Is it perfect? No. Code-switching is inherently ambiguous sometimes — even humans disagree on what was said. But it's accurate enough to be useful for meeting notes, which is the point.

The Bigger Picture: Why SE Asia Keeps Getting Left Behind
This code-switching problem is a microcosm of a bigger issue.
AI is built in the US and China. The training data is English, Mandarin, and a few other "high-resource" languages.
Everything else — including all of Southeast Asia's languages and dialects — gets treated as an edge case.
So we have tools that work great for monolingual English speakers in San Francisco. They're okay for Mandarin speakers in Shanghai. But for a multilingual team in Singapore? For developers in Manila who code-switch naturally? For regional teams that communicate across languages?
The tools fail.
And the assumption is: "That's an edge case. Most of the world speaks monolingual English or Mandarin anyway."
But Southeast Asia is 650 million people. It's not an edge case. It's a massive market that's been ignored because building for multilingual, code-switched speech is harder than building for monolingual English.

What Needs to Change
For researchers: Start collecting and publishing datasets of code-switched speech.
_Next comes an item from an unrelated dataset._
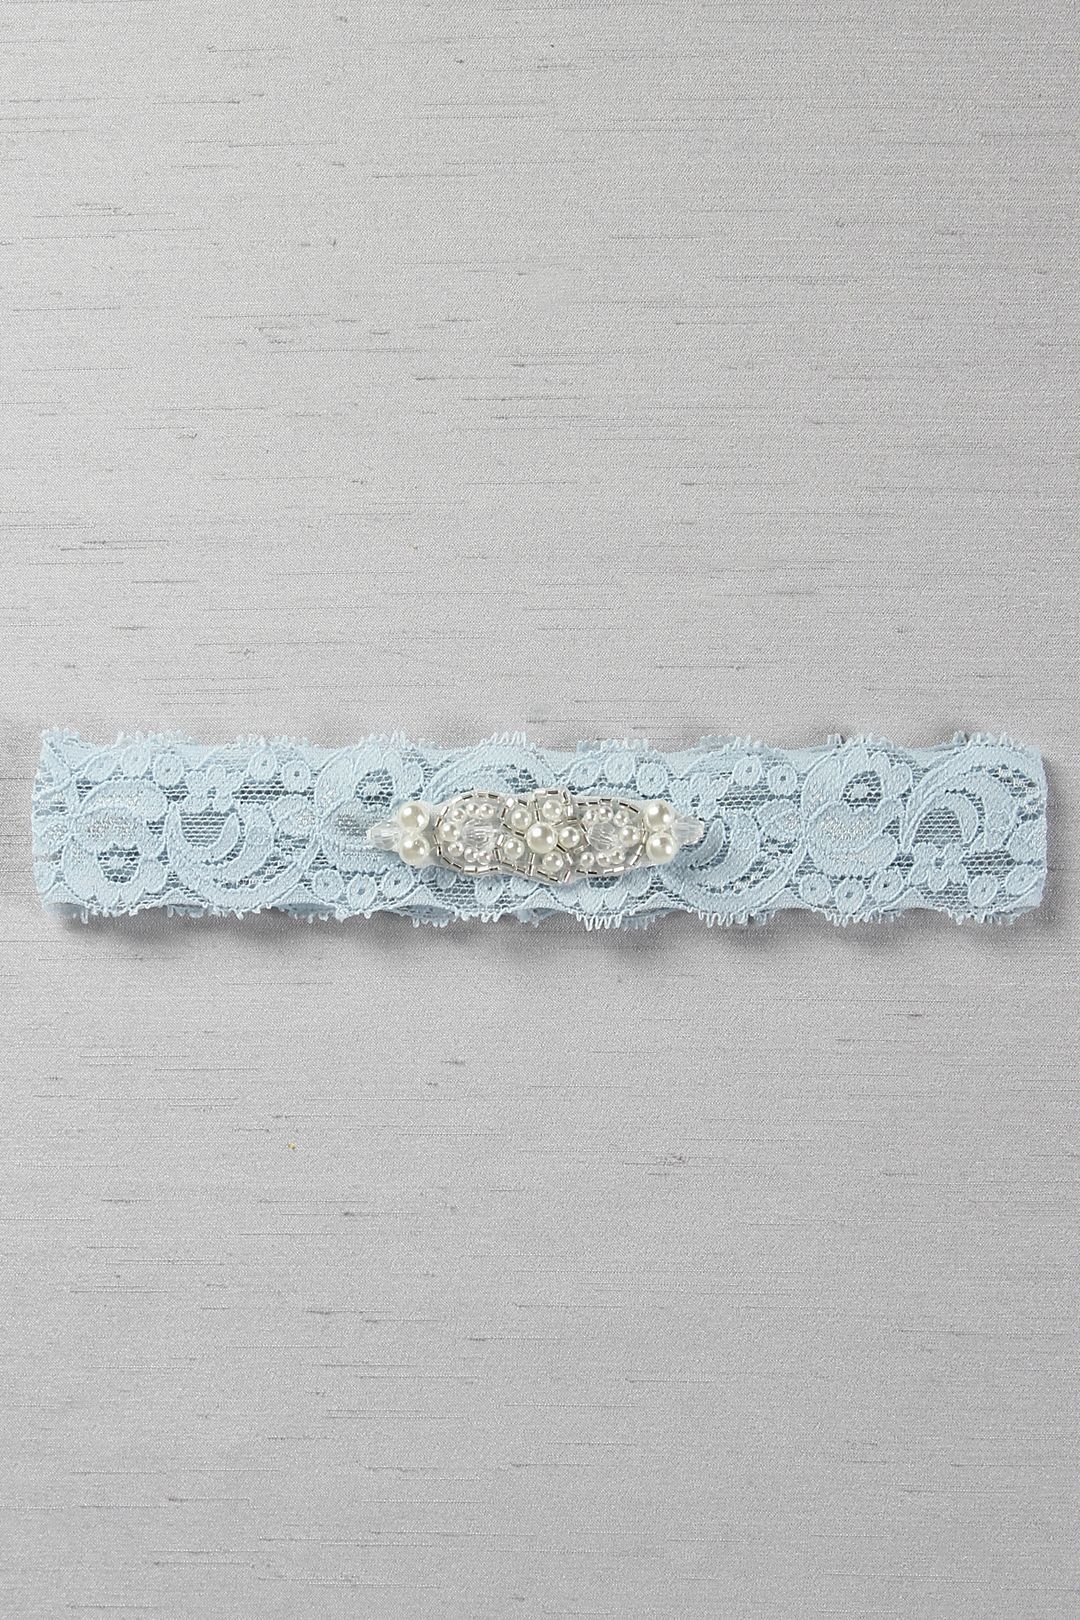 Stretch Lace Garter with Beaded Pearl Applique Image 1

It's harder than monolingual data, but it's important. Southeast Asia's languages matter.
For AI companies: Stop pretending code-switching is an edge case. Train your models on it. Your users in SE Asia deserve tools that work.
For regional companies: If existing tools don't work for you, you don't have to accept it. Build your own, or support tools (like BYSIK) that are built for your market.
For SE Asian founders: This is an opportunity. The entire region is using transcription tools that don't work for how we actually speak. That's a problem worth solving.

The Practical Takeaway
If you're running a team in Southeast Asia and you've been frustrated with transcription accuracy, now you know why.
It's not your audio quality. It's not your accent. It's not that you're speaking "wrong."
It's that the tools were built for a different market. They were trained on monolingual speech. Code-switching breaks them.
There are solutions now. Tools are getting better at handling multilingual and code-switched speech. If you've given up on transcription because it didn't work, try again. The tech has caught up.
And if you find a tool that actually understands how your team talks — that preserves meaning instead of "correcting" your language — stick with it. You've found something rare.

P.S. — If you want to geek out about the linguistics of code-switching, there's a whole field of research on it. Start here: Poplack's "The Bilingual's Linguistic System: Evidence for Asymmetric Competence." It's fascinating stuff.
And if you're building tools for Southeast Asia, feel free to reach out. I'm always interested in talking to founders who are solving regional problems instead of just copying the US.

Full disclosure: I founded BYSIK AI because of this exact problem. We're solving code-switching for transcription. But even if you use a different tool, I hope this helped you understand why transcription has been hard in SE Asia and why it's getting better.